When observability solutions talk up their sub-second monitoring solution, they are not describing latency anymore, but the resolution of the data displayed, which can be seconds or even minutes old before it catches the attention of an operator. It needs to be pointed out that events can only be counted or timed after completion or closure, so if you have a trace call lasting longer than a few seconds it is not correct to consider the dashboard a near-real-time view even if you were to somehow magically alter the physics elsewhere in the data and processing pipeline. If near-real-time is the thing most desired then an event must be decomposed into smaller events.

What do you do when it is impossible to experience the present in the present? You cheat by skipping ahead of time to predict what is coming next, a next that has probably already happened but has yet to be communicated to you. Here we anticipate a changing of the current situation to possibly one that is far more problematic. Unfortunately, this is a pipe dream with the current approach taken by observability, which is far too focused on data and detail in the form of traces, metrics, (event) logs. These are not things that are easy to predict in themselves. No solution will predict the occurrence of one of these phenomena from occurring, and they should not. Such phenomena will happen naturally and at scale in large quantities, but what does that tell us? Nothing, when the data we use for analysis is too far removed from what is of significance. By not solving the problem at the source with local sensing, signaling, and status inference, we made it impossible to experience the present in the moment. The natural workaround for such a time lag being prediction is not suitable with the type of data being transmitted. That has not stopped vendors claiming to offer machine learning and artificial intelligence. But in reality, and much like some current AI approaches, it is increasingly looking like a dead-end as we try to scale cognitive capacities to rapidly rising system complexities.
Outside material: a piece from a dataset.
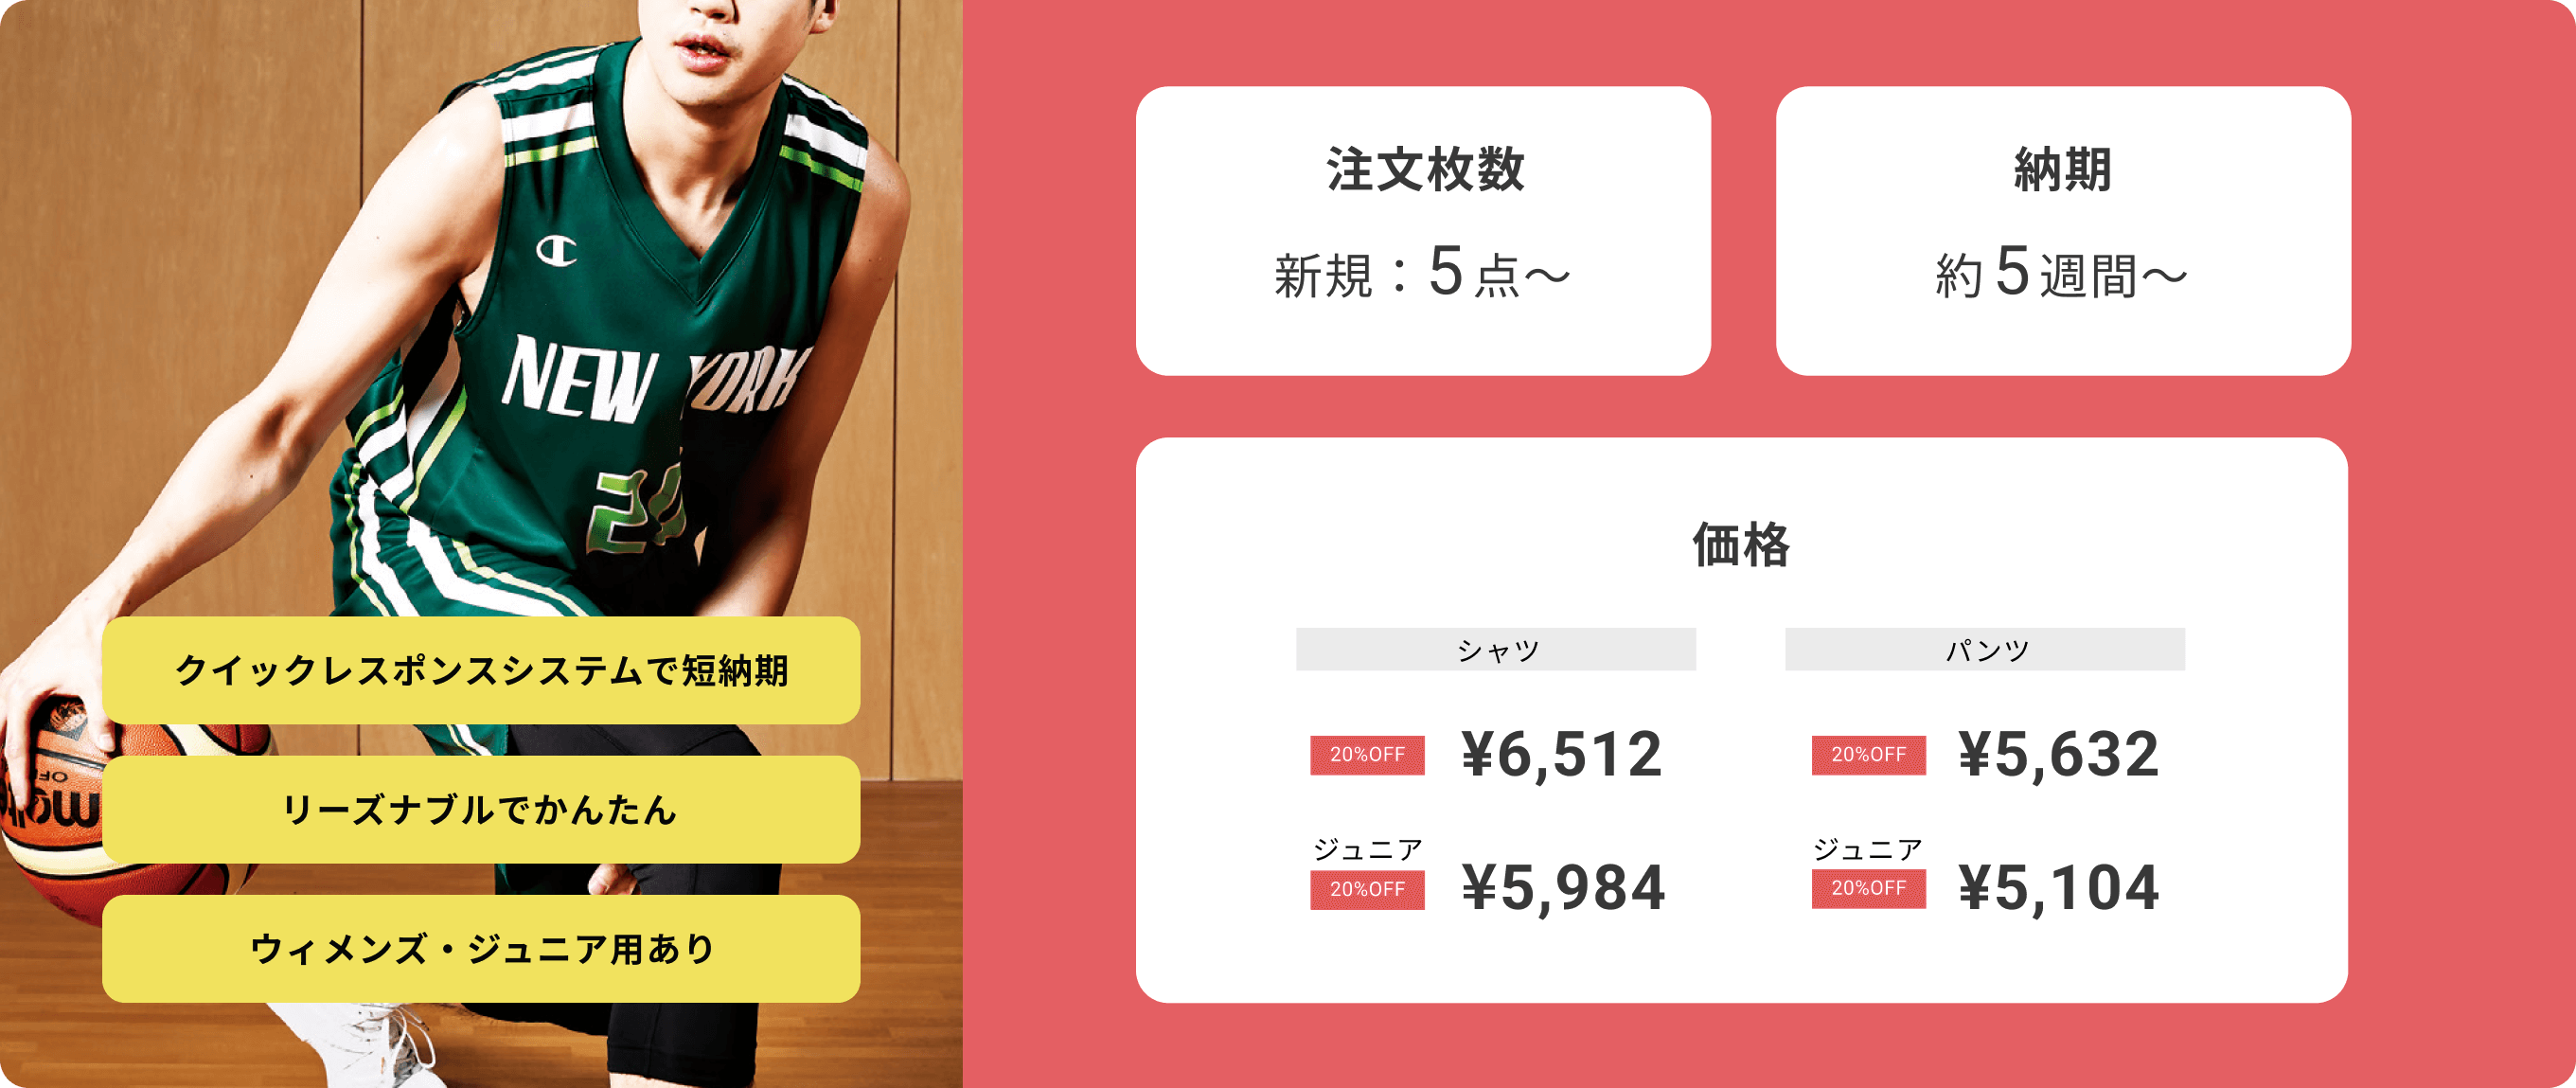 Champion 昇華ユニフォーム | バスケットボールユニフォーム製作

We can expect metrics trendlines and thresholds to trigger escalating warnings—a lot of effort for not much reward. It is hard to imagine where we go from here.

The low-level data being captured in volume by observability instruments has blinded us to salient change. We’ve built a giant wall of white noise. The human mind’s perception and prediction capabilities evolved to detect changes that had significance to our survival. Observability has no such steering mechanism to guide effective and efficient measurement, modeling, and memory processes.

Companies are gorging on ever-growing mounds of observability data collected that should be of secondary concern and far less costly. Perception, action, and attention are so integrated within the human mind. Yet, we see no consideration of how controllability can be employed and cognition constructed when looking at what observability is today. It is a tall order to ask machine learning to deliver on the hype of AIOps by feeding a machine non-curated sensory data and expecting some informed prediction of value. Where are the prior beliefs to direct top-down inference when awareness and assessment of a situation are completely absent from the model? How can a machine of some intelligence communicate with a human when there is no standard conceptual model to support knowledge transfer in either direction readily? Suppose a prediction is to be made by artificial intelligence in support of human operators. In that case, we need to explain the reasoning and, more importantly, the ability to continuously train the prediction (inference) engine when it misses the mark. There are no answers to these from the point we are at; it is not even been considered.

When I began writing this article, I intended to explore at length the concept of projection in observability, especially to make a much clearer distinction between it and prediction. This projection will need to be put on hold to be materialized in a future post dedicated to this topic. But before closing, I would like to state that in the past (2013), I claimed that simulation was the future of observability eventually. Now I see it as being projection (of a situation), with simulation being a possible means of exploring scenarios.